## THE DATA
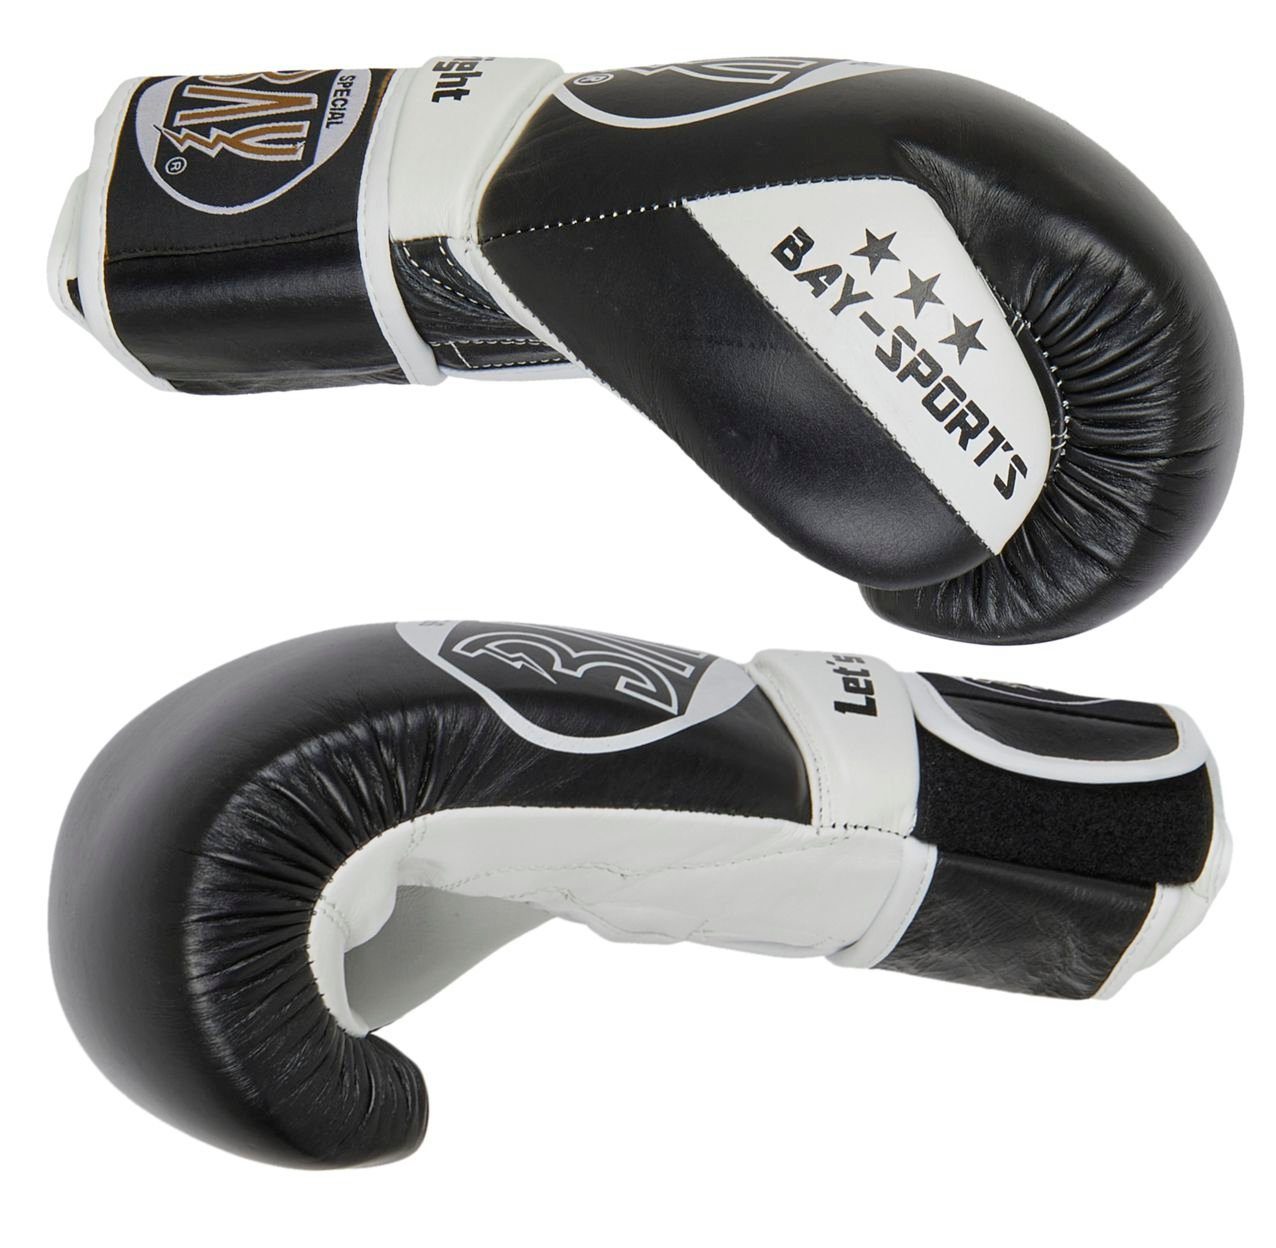 Sport Kampfsportausrüstung BAY-Sports Boxhandschuhe Strike Box-Handschuhe Leder schwarz Boxen Kickboxe
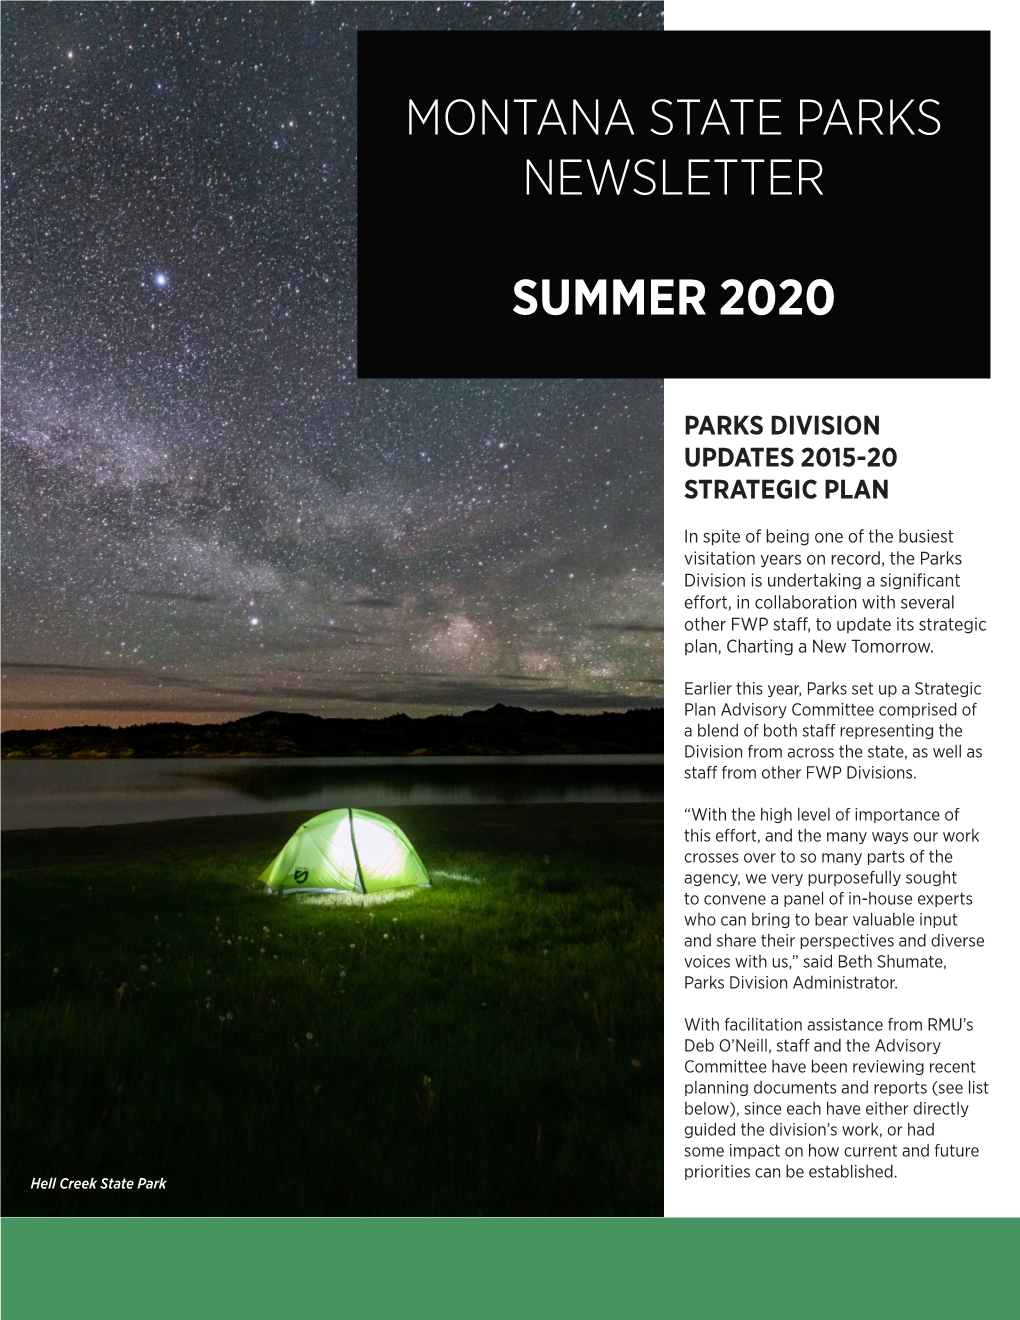 Montana State Parks Newsletter Summer 2020
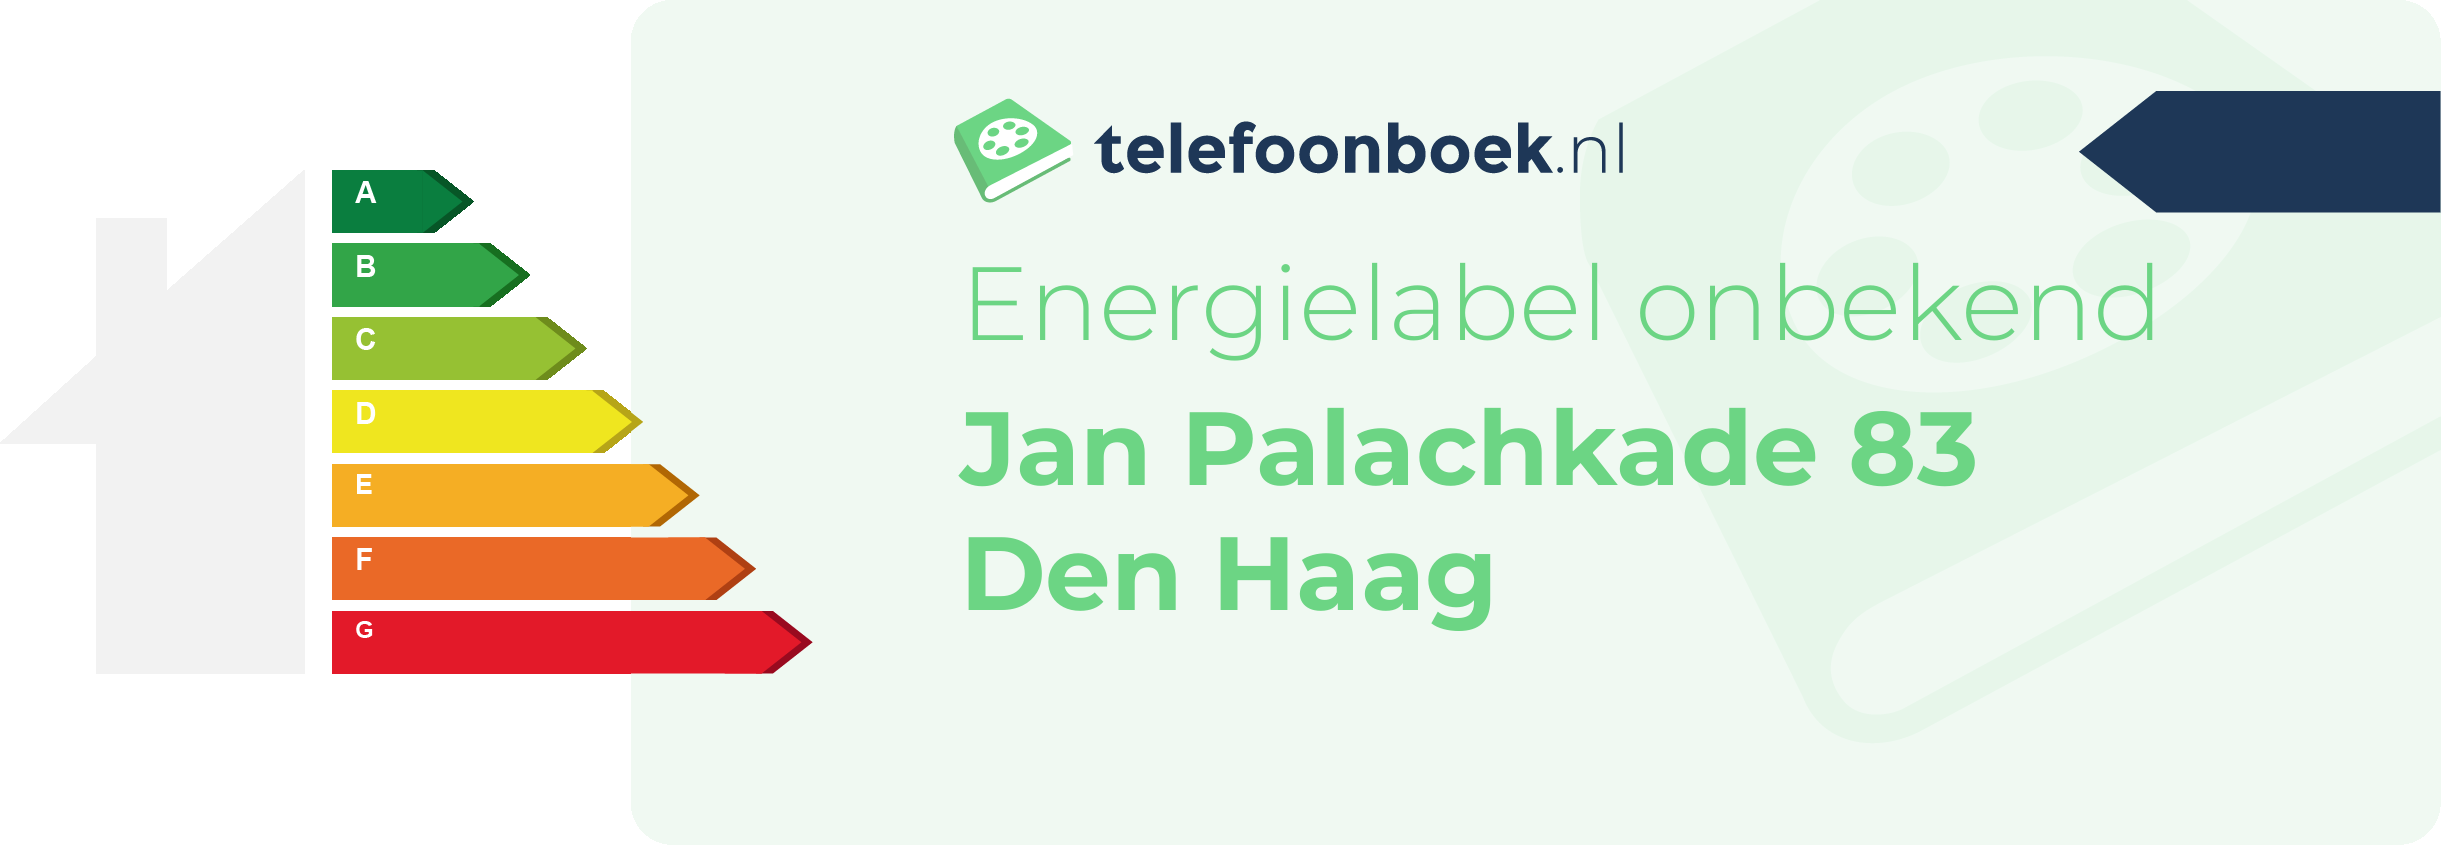 Energielabel Jan Palachkade 83 Den Haag

## WHAT IS NEEDED
Print every line of the material exactly as written, but drop the pictures.

## SOLUTION
 Sport Kampfsportausrüstung BAY-Sports Boxhandschuhe Strike Box-Handschuhe Leder schwarz Boxen Kickboxe
 Montana State Parks Newsletter Summer 2020
 Energielabel Jan Palachkade 83 Den Haag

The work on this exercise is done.